The overriding message seems to be that Fundamental Movement Skills are paramount and getting kids strong and resilient and in doing so lowering their risk of injury, is the foundation of ongoing development and enjoyment. Simple things like impromptu running races, jumping ropes, throwing things, building forts out of trees, and dare it be said, climbing trees, are the building blocks of sporting capacity.

Because of course, at the very top of the checklist is enjoyment.  It is a well-known truth that kids that have fun playing a variety of sports, without specialising too early, develop a range of competencies and technical skills that make them better specialist athletes later in life if they choose to do so. And considering only about one percent of kids that play basketball at high school in the US will end up in the NBA, having fun may well be the most important part of youth sport.

Even Usain Bolt was rumoured to say; “When I’m at the gym, I think about chicks, going to the beach, and looking good. I do it for the girls.”

Athletic Development 1

10 pillars of successful long-term athletic development

Lloyd et al. J Strength Cond Res. 2016

1.  Long-term athletic development pathways should accommodate for the highly individualised and non-linear nature of the growth and development of youth.

2.  Youth of all ages, abilities, and aspirations should engage in long-term athletic development programmes that promote both physical fitness and psychosocial wellbeing.

3.  All youth should be encouraged to enhance physical fitness from early childhood, with a primary focus on motor skill and muscular strength development.

4.  Long-term athletic development pathways should encourage an early sampling approach for youth that promotes and enhances a broad range of motor skills.

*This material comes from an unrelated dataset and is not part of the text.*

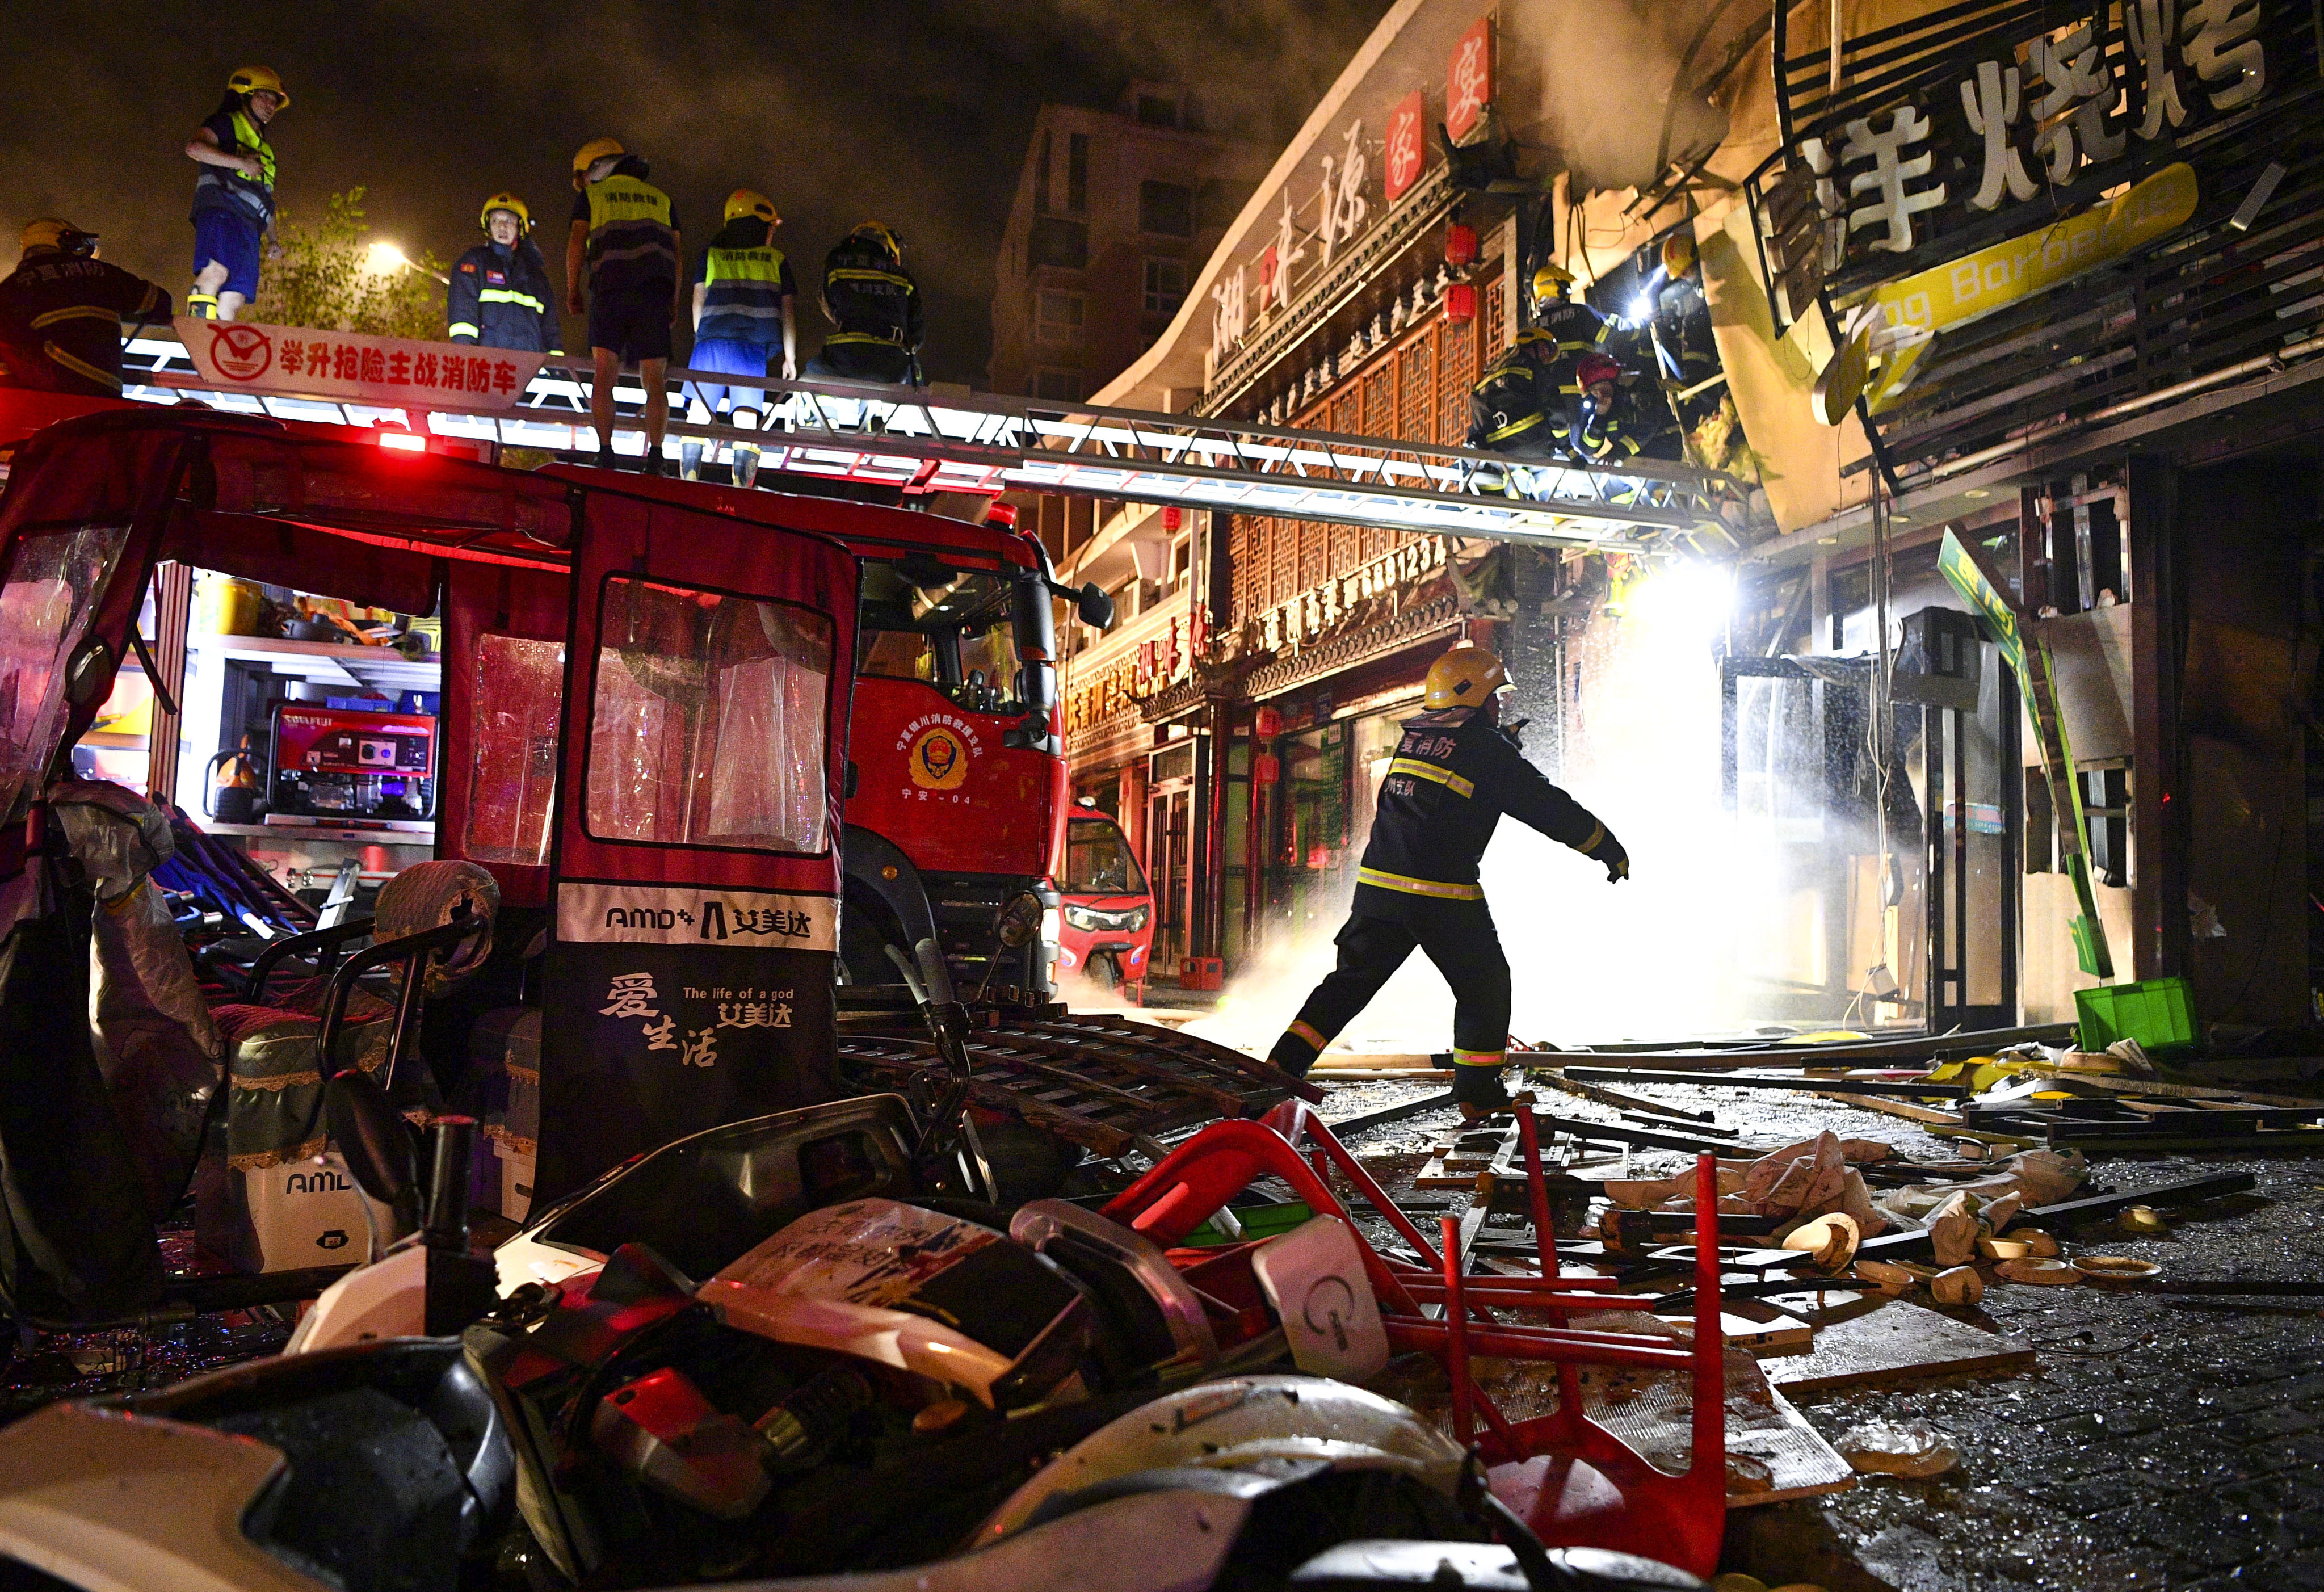 Firefighters at the scene of the shattered barbecue restaurant in Ningxia, China on Wednesday night. Photo: Xinhua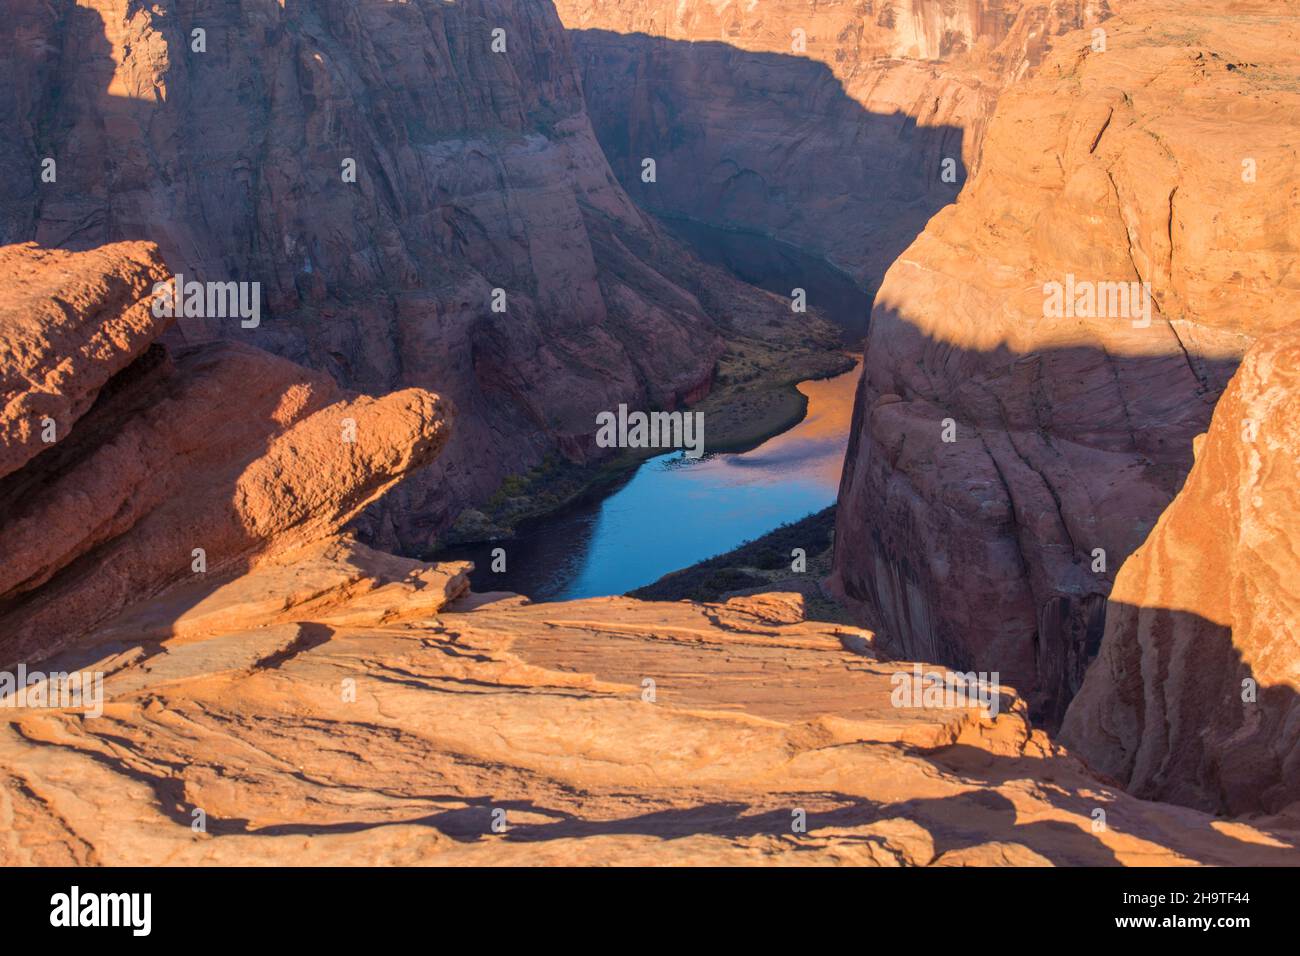 Glen Canyon National Recreation Area, Page, Arizona, USA. View from clifftop over the tranquil Colorado River at Horseshoe Bend, sunrise. Stock Photo

5.  Health and wellbeing of the child should always be the central tenet of long-term athletic development programmes.

6.  Youth should participate in physical conditioning that helps reduce the risk of injury to ensure their ongoing participation in long-term athletic development programmes.

7.  Long-term athletic development programs should provide all youth with a range of training modes to enhance both health- and skill-related components of fitness.

8.  Practitioners should use relevant monitoring and assessment tools as part of a long-term physical development strategy.

9.  Practitioners working with youth should systematically progress and individualise training programs for successful long-term athletic development.

10.  Qualified professionals and sound pedagogical approaches are fundamental to the success of long-term athletic development programmes.